* ASSIGNMENT *
Could you set down exactly the lines of the data below, starting at the one that holds "Glass Globe With" and ending at the one that holds "Old-cut diamond brooch", both included, and only those?

━━━━━ EXERCISE MATERIALS

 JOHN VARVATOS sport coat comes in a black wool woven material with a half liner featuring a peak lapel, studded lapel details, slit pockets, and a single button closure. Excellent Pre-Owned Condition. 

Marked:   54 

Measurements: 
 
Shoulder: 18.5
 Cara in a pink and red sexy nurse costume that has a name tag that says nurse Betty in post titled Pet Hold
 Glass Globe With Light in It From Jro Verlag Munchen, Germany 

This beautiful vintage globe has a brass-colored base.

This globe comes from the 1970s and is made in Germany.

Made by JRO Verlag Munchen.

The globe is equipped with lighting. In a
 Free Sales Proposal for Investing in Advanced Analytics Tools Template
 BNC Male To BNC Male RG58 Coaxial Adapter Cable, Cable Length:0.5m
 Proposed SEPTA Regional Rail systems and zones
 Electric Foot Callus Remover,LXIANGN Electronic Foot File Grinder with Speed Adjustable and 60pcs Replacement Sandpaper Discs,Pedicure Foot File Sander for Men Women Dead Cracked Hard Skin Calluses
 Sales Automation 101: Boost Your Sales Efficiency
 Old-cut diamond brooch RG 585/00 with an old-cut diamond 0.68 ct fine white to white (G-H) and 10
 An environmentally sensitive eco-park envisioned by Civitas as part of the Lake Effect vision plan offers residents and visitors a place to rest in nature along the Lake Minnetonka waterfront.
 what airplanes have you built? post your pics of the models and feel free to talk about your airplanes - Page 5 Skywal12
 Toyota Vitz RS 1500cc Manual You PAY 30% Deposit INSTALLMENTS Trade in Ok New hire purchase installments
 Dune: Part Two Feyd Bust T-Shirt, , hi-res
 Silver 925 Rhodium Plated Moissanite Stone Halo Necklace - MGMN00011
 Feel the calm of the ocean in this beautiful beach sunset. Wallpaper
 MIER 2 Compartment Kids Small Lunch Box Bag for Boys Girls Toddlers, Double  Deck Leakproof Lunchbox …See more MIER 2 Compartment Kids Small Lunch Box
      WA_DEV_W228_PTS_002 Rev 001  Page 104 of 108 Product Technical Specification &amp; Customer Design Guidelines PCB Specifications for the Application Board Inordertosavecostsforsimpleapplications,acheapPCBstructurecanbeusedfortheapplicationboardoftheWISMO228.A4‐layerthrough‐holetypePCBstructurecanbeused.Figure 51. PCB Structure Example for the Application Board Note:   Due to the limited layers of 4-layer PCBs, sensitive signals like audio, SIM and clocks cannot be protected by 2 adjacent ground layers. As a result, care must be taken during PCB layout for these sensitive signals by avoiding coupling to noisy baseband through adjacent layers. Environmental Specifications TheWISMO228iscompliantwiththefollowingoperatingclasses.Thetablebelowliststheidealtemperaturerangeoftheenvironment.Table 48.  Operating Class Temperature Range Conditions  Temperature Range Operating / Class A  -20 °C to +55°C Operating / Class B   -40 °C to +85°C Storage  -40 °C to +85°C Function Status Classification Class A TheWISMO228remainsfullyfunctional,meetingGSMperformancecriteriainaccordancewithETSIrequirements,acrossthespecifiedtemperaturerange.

━━━━━━━━━━

* YOUR SOLUTION *
 Glass Globe With Light in It From Jro Verlag Munchen, Germany 

This beautiful vintage globe has a brass-colored base.

This globe comes from the 1970s and is made in Germany.

Made by JRO Verlag Munchen.

The globe is equipped with lighting. In a
 Free Sales Proposal for Investing in Advanced Analytics Tools Template
 BNC Male To BNC Male RG58 Coaxial Adapter Cable, Cable Length:0.5m
 Proposed SEPTA Regional Rail systems and zones
 Electric Foot Callus Remover,LXIANGN Electronic Foot File Grinder with Speed Adjustable and 60pcs Replacement Sandpaper Discs,Pedicure Foot File Sander for Men Women Dead Cracked Hard Skin Calluses
 Sales Automation 101: Boost Your Sales Efficiency
 Old-cut diamond brooch RG 585/00 with an old-cut diamond 0.68 ct fine white to white (G-H) and 10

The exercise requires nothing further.